The term “capital in nature” has been the subject of a lot of tax case law, said Nel, adding that one of the tests for determining the true nature of a receipt or accrual for income tax purposes is whether it constituted a gain made by an operation of business in carrying out a scheme for profit making (Samril Investments (Pty) Ltd v SARS (2003) ZASCA 118, 2003 (1) SA 658 (SCA).
“However, profit-making is also an element of capital accumulation. Each case should be decided on its own facts. The mere intention to profit is not conclusive.  There must be a business operation carrying out a profit making scheme for a gain to be recognized as income for tax purpose. That usually involves an effort by the taxpayer to make use of his/her resources and skills to generate profits of an on-going nature. This would most likely be the case for traders in cryptocurrencies,” he said.

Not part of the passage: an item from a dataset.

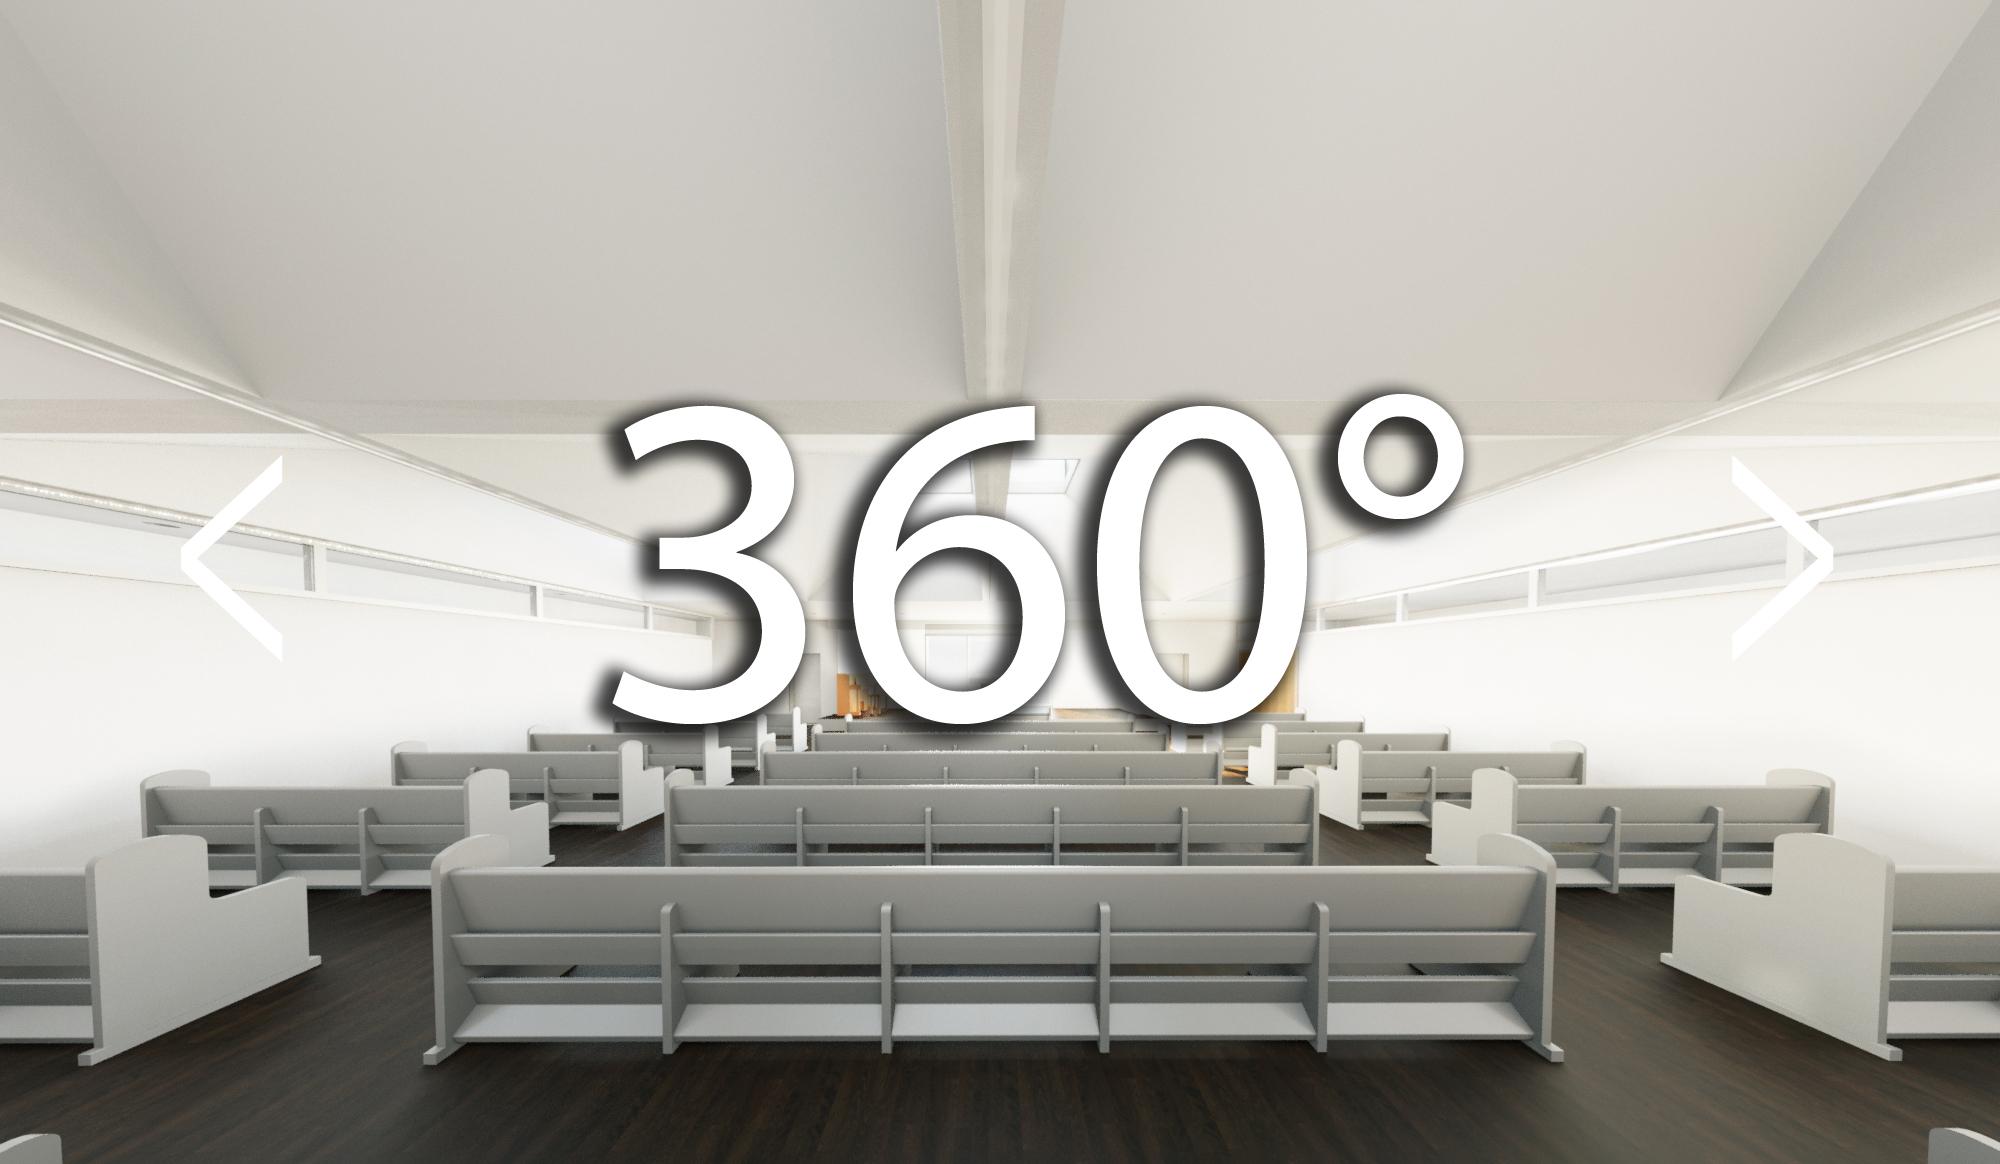 FCOCS_INTERIOR_AUDITORIUM_PERSPECTIVE_360.jpg

Nel doubts whether a deduction would be made available on cryptocurrencies.

 
“It is like any other investment that you make.  The value of investing into an asset is seldom deductible for tax unless it has some form of productive capacity.  For traders, a deduction may be available where the instrument is treated as trading stock and therefore the profits and losses realized on the buying and selling may be deductible for tax,” explained the tax guru.
But despite the positive hype around virtual currencies, critics are convinced that it is a money laundering scheme while others label it as anonymous trading. Nel has concerns around illicit flows of money and the difficulty in tracing the funds from a tax perspective.

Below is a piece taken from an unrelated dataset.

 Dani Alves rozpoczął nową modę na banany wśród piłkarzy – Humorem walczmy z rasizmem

“It is more difficult to manipulate the value of the currency.   Bitcoin has been labelled “ the first decentralized electronic currency not controlled by a single organization or government”. Recently De Beers launched their own blockchain and this will enable them to keep track of movements of the diamonds they buy and sell. The same was also done with Kodak to give photographers a new revenue stream and a secure platform for protecting their work,” he said.
He concluded: “I am sure that there will be many more to follow.  It is difficult to predict the future though as we have seen with the recent decrease in the value of Bitcoins that slumped since December.”

 

Tax provisions
Another tax expert, Gerda Brand from Deloitte, said there are a number of current tax provisions that could already apply in some instances.

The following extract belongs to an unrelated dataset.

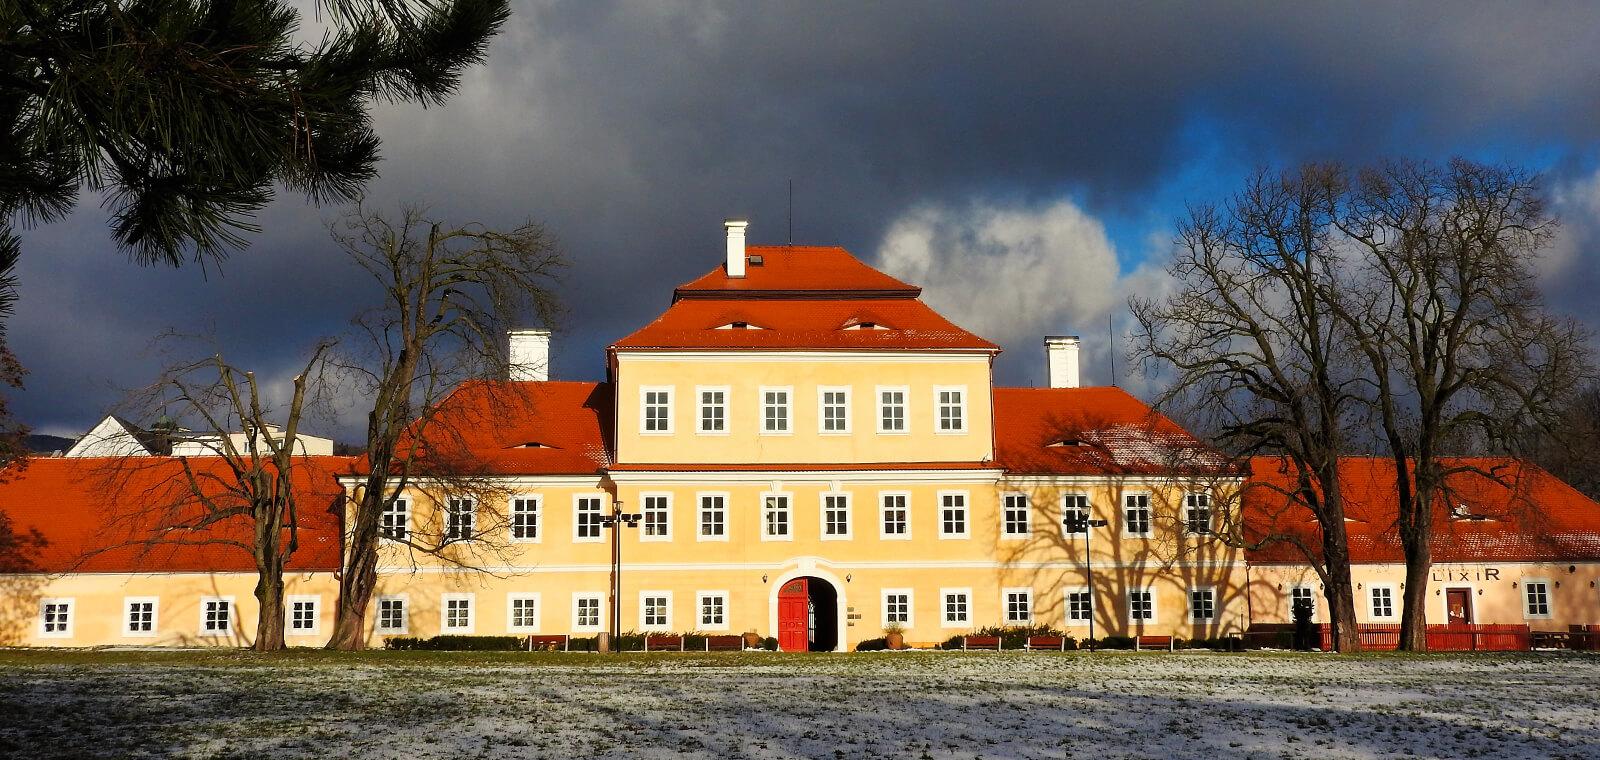 litvinov-zamek-valdstejnu-uvod.jpg

“For example where Bitcoin is used for the payment of goods or services, this could be seen a barter transaction for VAT purpose. Where one deals with the spend or investment in cryptocurrencies, there are a number of principle questions that need to be dealt with before tax implications could be considered e.g. are cryptocurrencies an asset or currency etc,” she explained.
She added: “If it is property, the further question is whether the spending was done with an investment objective or a profit-making objective – the tax implications could flow from here. The gain or loss on a profit-making asset would generally be taxable / deductible. A gain or loss with an investment objective is generally capital in nature and not taxable/ deductible. However, clear guidance from the Revenue Authorities would result in certainty and to some extent avoid different interpretations and applications of the laws.”
While SARS is treating crypto-currencies under Capital Gains Tax , Brand said a Capital Gains Tax legislation could address the question in Namibia as well, but it may be difficult to enforce.

 
She said, like any form of payment, cryptocurrencies could be used in money laundering schemes.
“Therefore, I would not necessarily label it as such a scheme in itself.  The reality is that cryptocurrencies could be a very convenient way in receiving or making payment for goods and services.  However, I do believe that some regulations are required to protect investors and users and to ensure a fair tax treatment (both for the user and government),” she said.